Katelynn got so overwhelmed, she lost track of Hummingbird several times. Eventually, the blue alien picked her up and carried her in two of its arms to the cafe.
The Stardust Cafe was a small open-air building, really just a counter with an awning over it and a few picnic tables. Hummingbird spoke in a squawky language to the gigantic pink blubbery creature behind the counter, and the pink thing handed over a bowl filled with a frothy white substance. It looked like whipped cream. Katelynn licked her chops.
“Is that for me?” she asked, telepathically. Those words came easily, naturally to her. They expressed such a strong desire that they floated right up into her consciousness, and she didn’t have to search for them.
“It is.” Hummingbird set down the bowl on a picnic table, and then settled Katelynn down beside it.
While Katelynn seriously focused on the intensely sweet creamy substance in the bowl, licking up every drop, including the ones that got caught in her whiskers, Hummingbird told the story of their meeting to the pink creature. It involved shapeshifting back into a hummingbird, hawk, and then frog.
When the story was over and the bowl was empty, Katelynn asked, “What was that?”
Hummingbird answered, “Sweet cream made from the river of milk on the Cow World.”
Katelynn licked her whiskers, although they were already clean. She was feeling a little delirious and wasn’t sure she’d understood Hummingbird correctly. “Cow World?”
“I think you’d like it,” the five-armed blue alien said enticingly while broadcasting images to her of a planet inhabited by friendly bipedal bovines where the mountains were topped with ice cream and milk rained from the sky.
Katelynn wasn’t sure if the images were real or simply an illusion meant to lure her into a life of space adventure. But with a sudden certainty, Katelynn was very sure that it was time to go home. Her little girl was looking for her. “Jenna’s worried about me.”
“I’m sure she’s fine,” Hummingbird said.
“No,” Katelynn insisted. “She’s scared. Really scared. Right now.”
“You can’t possibly know that,” Hummingbird said. “We’re on the opposite side of the galaxy.
“I can feel her,” Katelynn said. “All the time, no matter where I am.”
“Telepathy can’t stretch that far, even with the kind of mind-enhancers that I have running on my ship.” And yet, Hummingbird reached into Katelynn’s mind and felt the truth of the tabby’s knowledge.
Her little girl was looking for her. Her little girl was scared. On the other side of the galaxy.
“I told you,” Katelynn said. “Magic.”
Tabbies can be very smug when they’re right.
“I’ll take you home,” Hummingbird conceded.
The walk back to the spaceship was less overwhelming. Katelynn no longer had time for otherworldly wonders. She ran through the sea-green grasses, blind to the distractions of Ursa Major Prime, full speed toward the little girl she’d left behind.

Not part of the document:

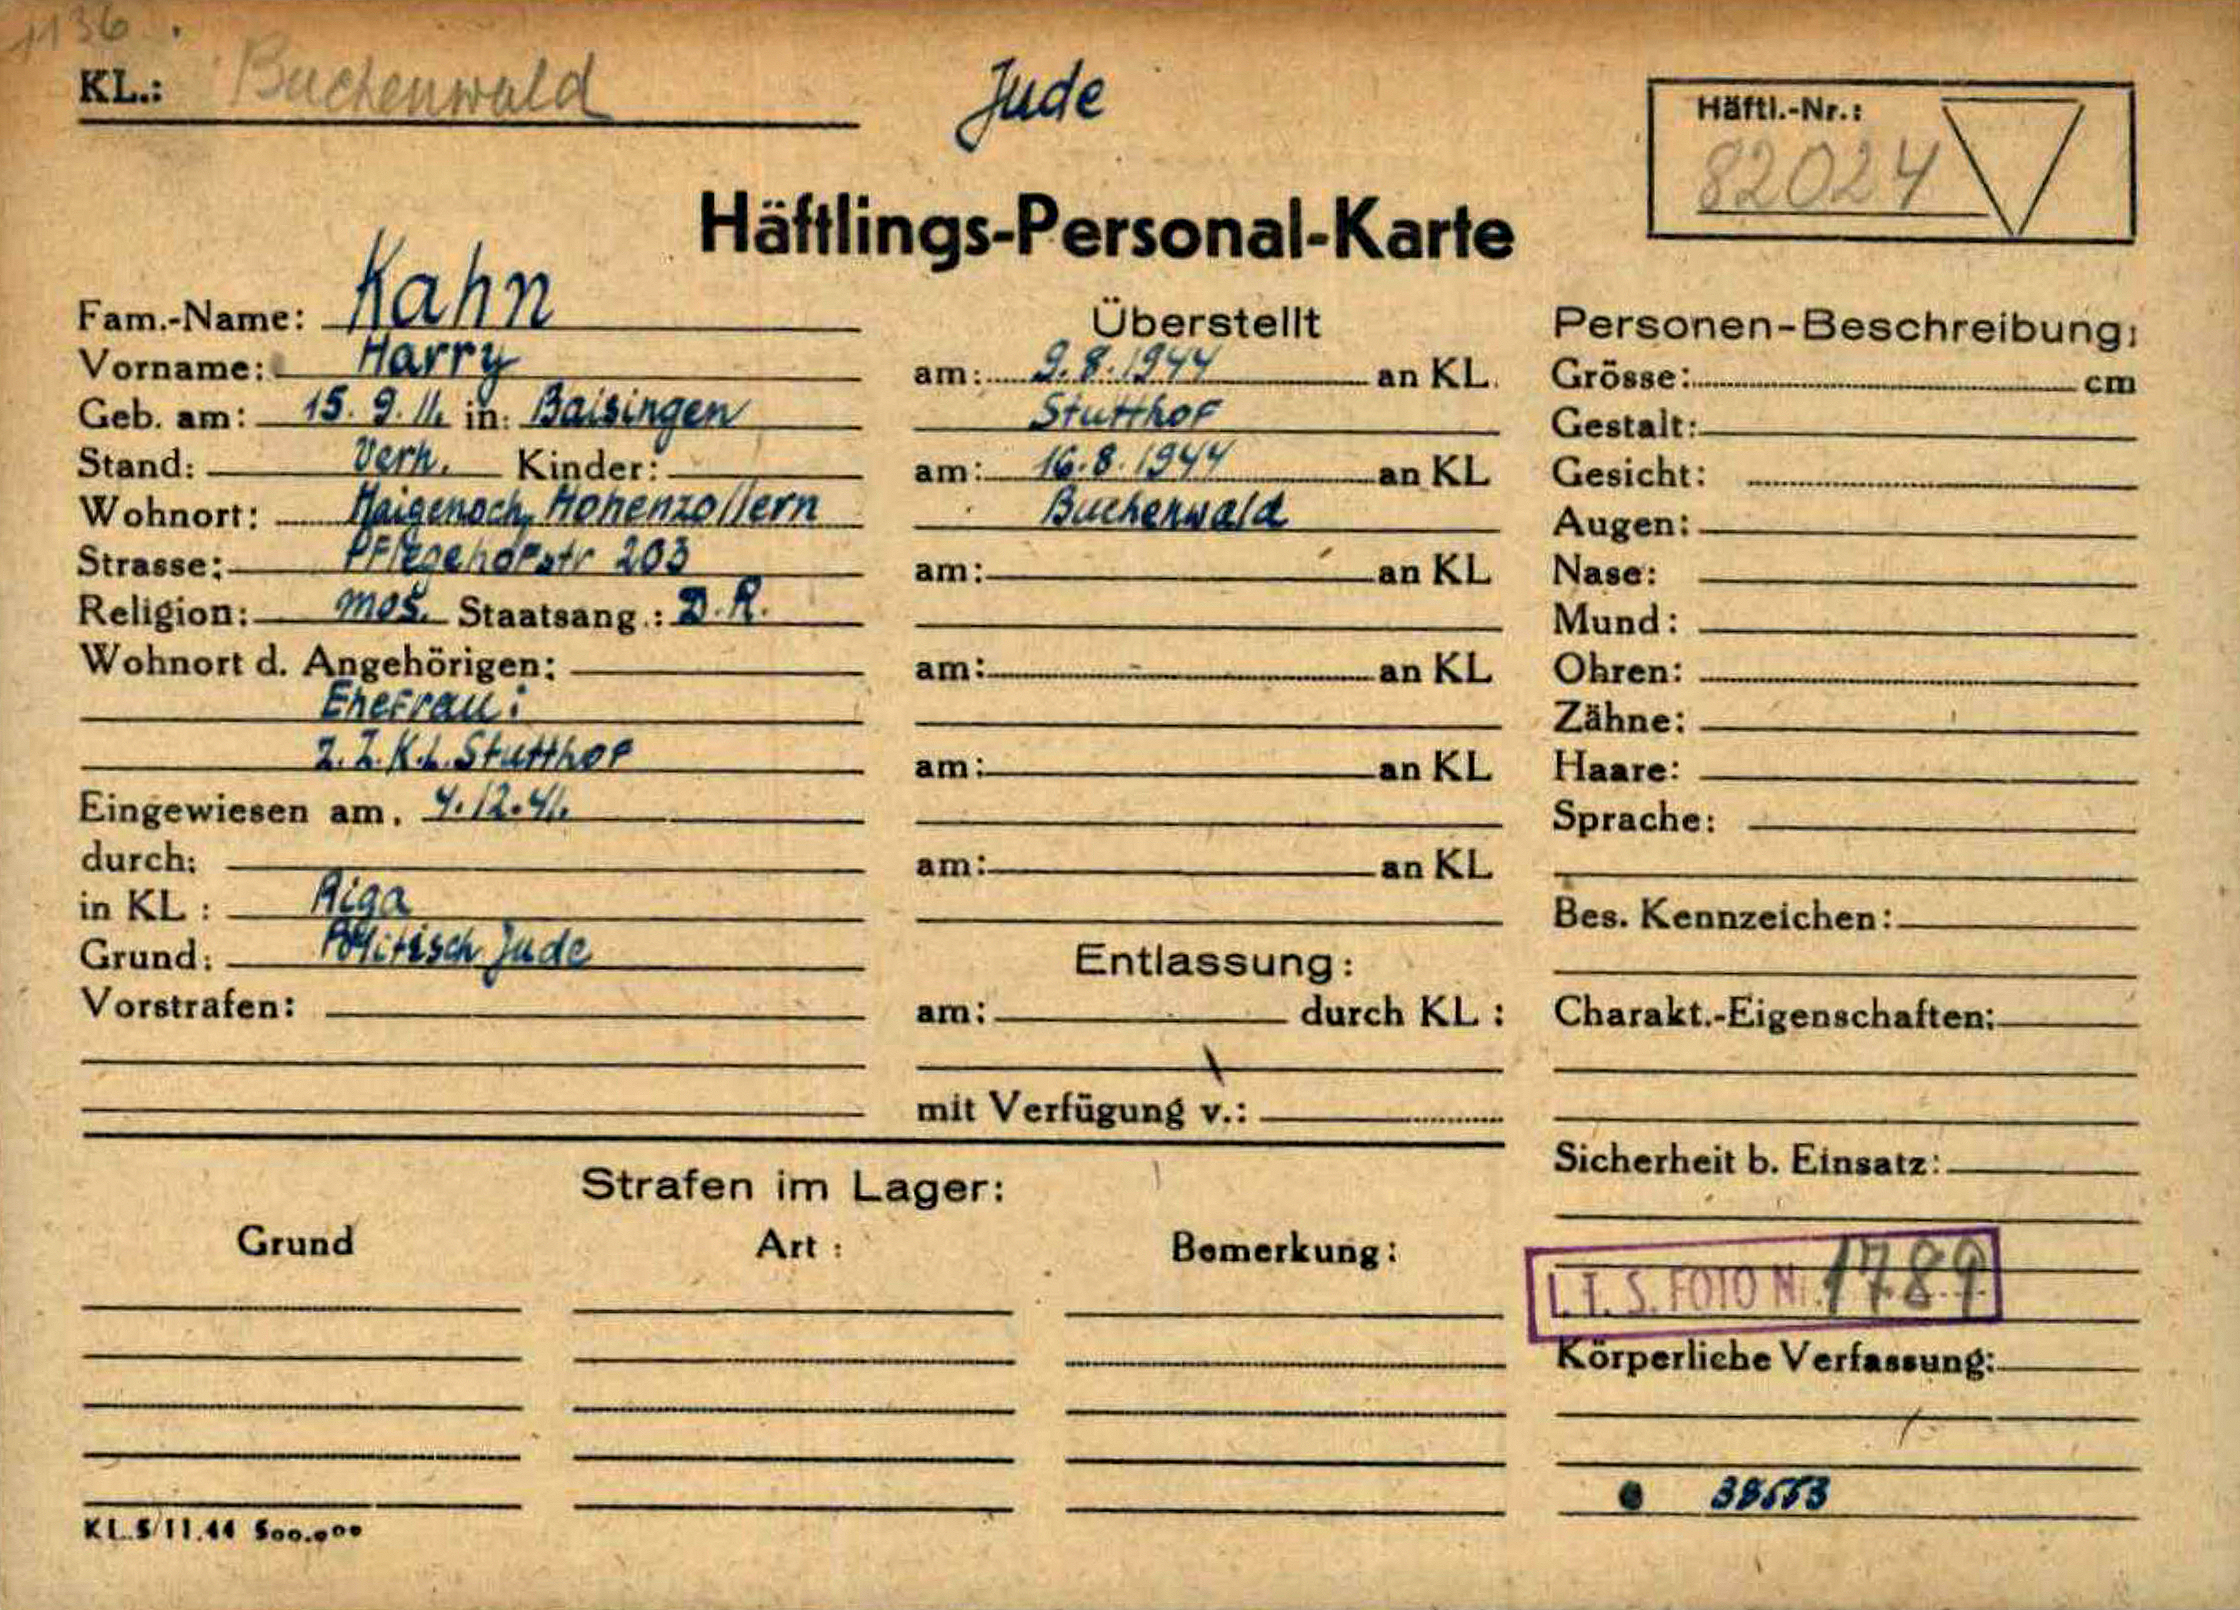 Index card for Harry Kahn in Buchenwald concentration camp

When they got back to Earth, Hummingbird returned Katelynn to the exact spot under the oak tree where the ley lines made her whiskers sizzle with magic. She lost no time running into the house, upstairs, and into Jenna’s room where the little girl was looking under the bed for her.
“There you are!” Jenna cried. She grabbed her cat around the middle and squeezed. Katelynn meowed. She didn’t need words anymore. Jenna understood her without them. She was glad to be home.
To play it safe, Katelynn decided to stay inside the house for a while, away from the hummingbird feeder.